To get OXCE work on my win 2000, I just butchered the exe as well as several DLLs into submission.
OXCE checks for several DLLs in Windows/system32. While it is unhealthy to just copy DLLs from WinXP SP3 to Win2000, you can hex edit the exe to look for the DLLs in the wrong spot, or for a wrong filename (easiest). A fallback is then executed to look for the missing DLLs in the installation folder.
Then download the DLLs that are looked for in their WinXP SP3 version and put them into installation folder.
Next you have to hex edit those DLLs inside the installation folder to prevent themselves to look for other DLLs in Windows/system32. A wrong name works well here, too. Again a fallback is executed and the DLLs from the installation folder are used.
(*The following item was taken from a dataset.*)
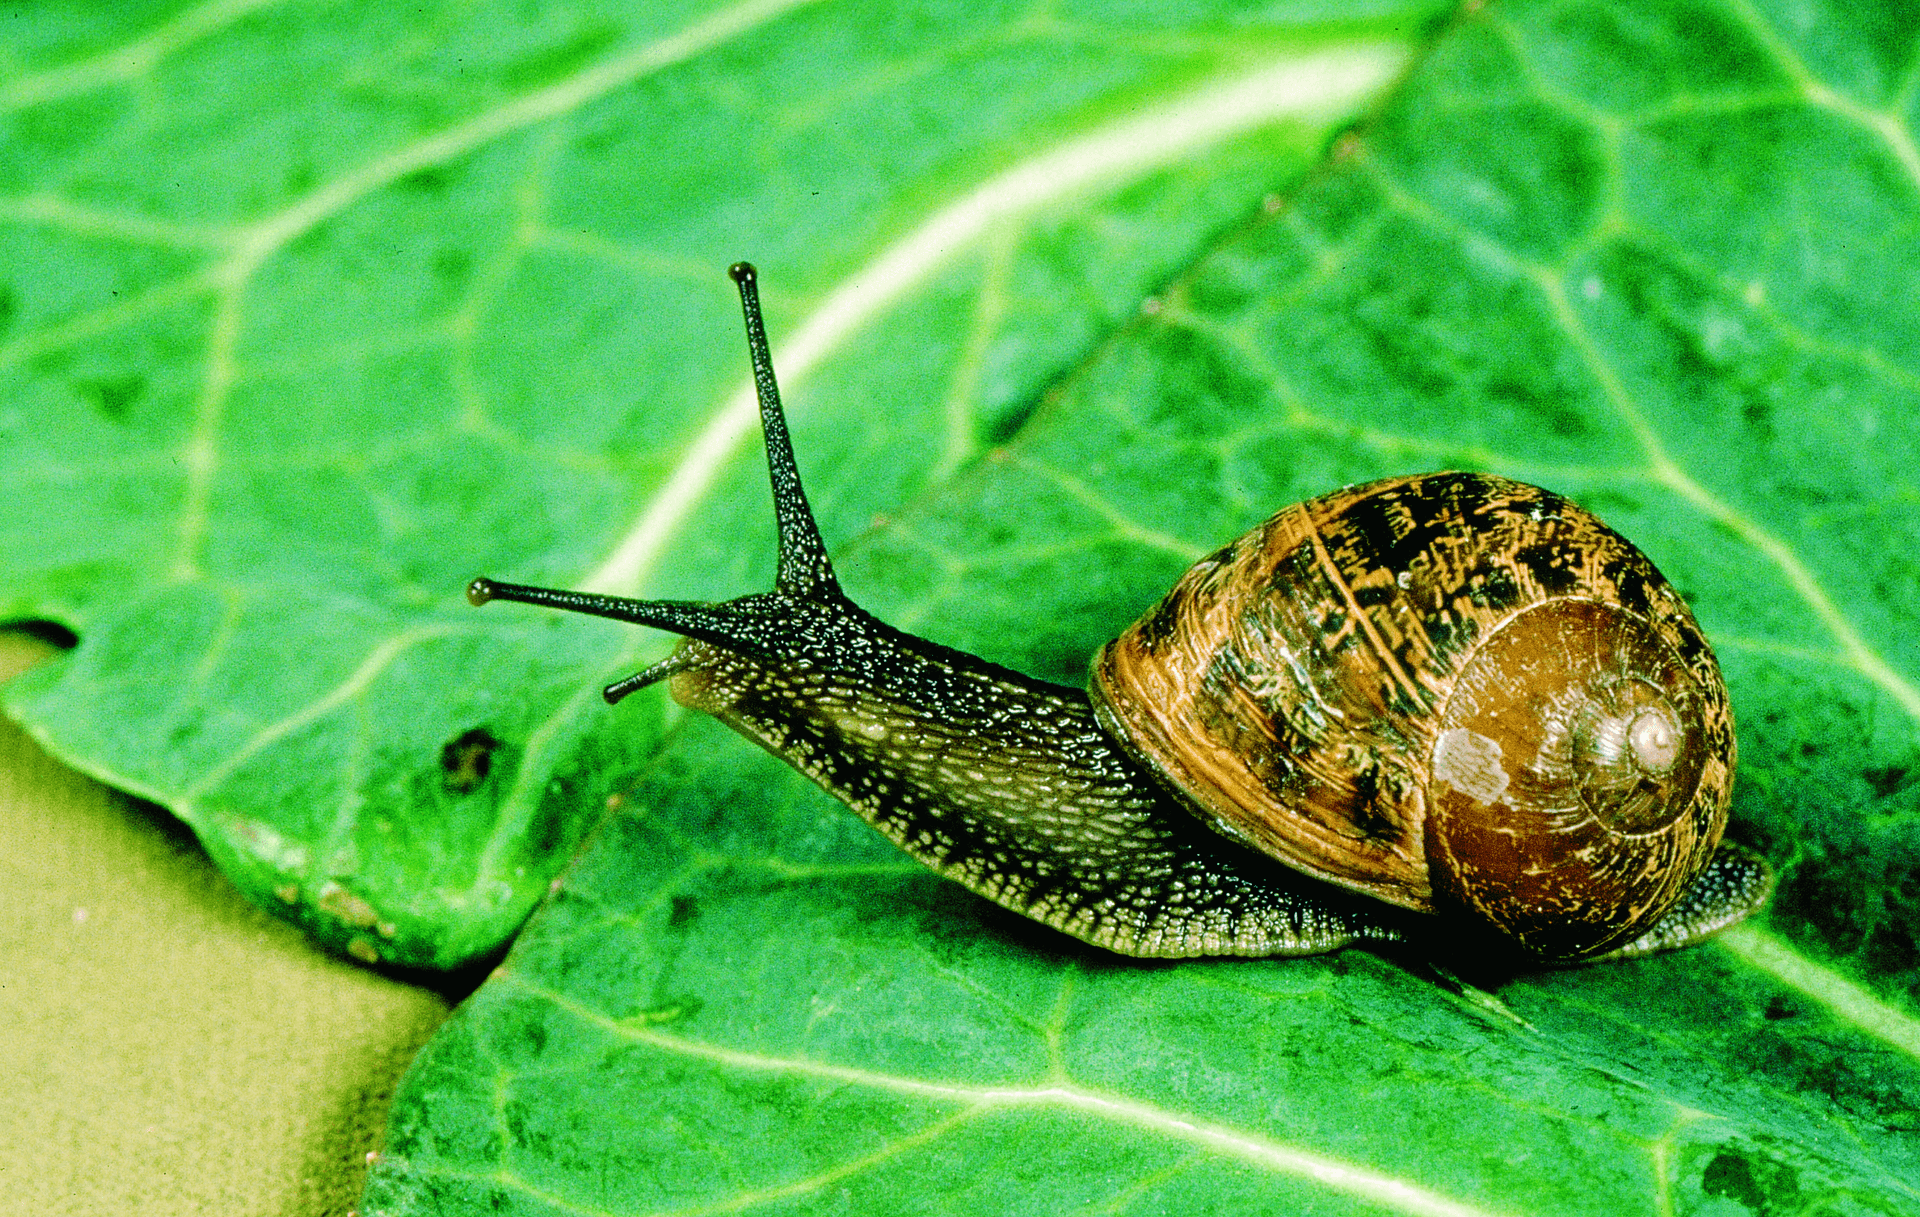 A brown snail crawls across the forest floor.

Once the DLLs are setup properly, one has only to edit the exe in case it is replaced.
This procedure completely bypasses the installed windows version.
It is possible this would work even down to Win95, but may require additional DLLs to be butchered. I'll test that in a quiet minute on one of my really old machines.
The new guide is great. This makes things a whole lot easier especially for people who have zero experience with MinGW compilers. Well done.
EDIT
There are a lot of differences to the exe I got from Meridian/the Piratez mod.
My exe is 17 MB instead of 11 MB, does check for additional DLLs, and does not have the alien head icon, but dos prompt icon.